When one walks on campus and sees the amount of Penn State gear worn by football fans, one might notice that something just isn't right.
There's an uneasy feeling that there is something unusual about how Penn State supports their team.
It's the lion's paw logos: They have five toes.
"Theoretically, normal cats and dogs have four toes on the ground," said Dr. David Wolfgang, field studies director in the department of veterinary science. "Digit number one [the thumb] is on the wrist, or corpus."
"Polydactylism is the presence of supernumary digits," he said, reading aloud from his veterinary dictionary.
So why are lion paws with superfluous toes showing up on T-shirts and riding on the trunks of cars in magnet form?
Jeff Hermann, university editor for University Publications, shed some light on the mystery. The root of the story begins in 1988 and involves a mutual logo belonging to both Penn State and Clemson University when they met in a bowl game.
"Clemson has a four-toed paw print," Hermann said. "At that time, the licensing manager made an agreement that we would not do any four-toed paw print logos."
And so Penn State apparently just tacked an extra toe onto its paws.
The agreement somehow stuck. After several years, a new licensing manager came to Penn State, and Hermann said he asked the University Licensing Committee to look into the legal agreement.
"There are plenty of schools that have four-toed paw prints, why can't we have an anatomically correct paw print?" he said.
After investigating the paw agreement, Hermann said it was found that none actually existed. At that point, it was totally legal to use a paw print with four toes, as long as it didn't copy Clemson's.
"I was all in favor of doing away with the five-toed paw," Hermann said.
However, by the time the lack of an agreement was discovered, the five-toed design had become popular; people liked it, and the university was still collecting royalties on it.
The university receives royalties on all logos that are sold, and these royalties go toward scholarship funds, which Hermann said he would hardly want to disturb.
Robert Pass, assistant manager at The Family Clothesline, 352 E. College Ave., explained the logo process.
"The university has an approved list of logos, and you have to go by their approved list," he said.
Pass added that, to his knowledge, the five-toed paw print is still the only legal paw option.
However, Steve Moyer, a manager at Lion's Pride, 112 E. College Ave., lopped off the extra toe as soon as he had the chance. He said Lion's Pride switched its design the day Penn State did.

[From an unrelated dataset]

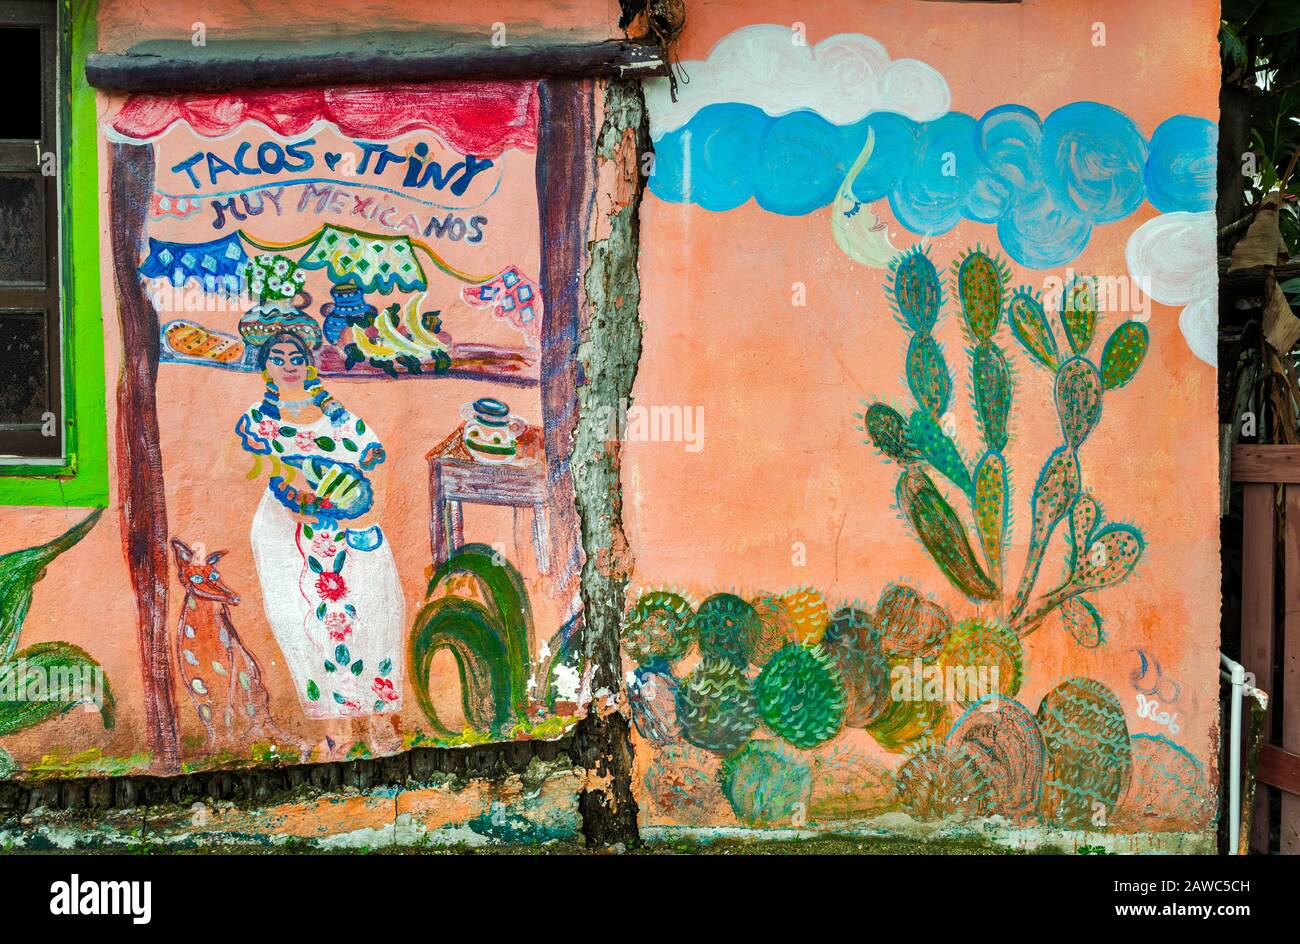 Folk art paintings at wall of restaurant building, now closed, in Puerto Morelos, Riviera Maya, Yucatan Peninsula, Quintana Roo state, Mexico Stock Photo

"It's amazing how many customers picked up on it," he said.
Matthew Alford, a manager at Got Used Bookstore, 206 E. College Ave., said he didn't think the number of toes mattered.
"It's one of our top sellers: the five-toed magnet paw," he said.
But legal agreements aren't the only way to add toes. Wolfgang tried to make sense of the extra toe through science; he jokingly presented some five-toed theories, including a possible deformity.
"Or maybe this paw print implies the cat is ill; a cat with rickets might have a print like that," he added jokingly.
Nevertheless, Wolfgang didn't think many people minded the extra toe.
Alford, too, couldn't help but poke fun at the toe discrepancy.
"I think it would just confuse people," Alford said. "You would have the four-toed people and the five-toed people; we wouldn't want to split the campus in half."
Although Pass and Moyer seem to disagree about the legal ramifications of the fifth toe, Moyer said four toes are perfectly fine.
"We've written back to Clemson, and they didn't care," Moyer said.
So, the history of the paw print lies not within the anomalies of science, but within the confines of the law.
Now that a four-toed paw is OK, will our Nittany Lion evolve once again?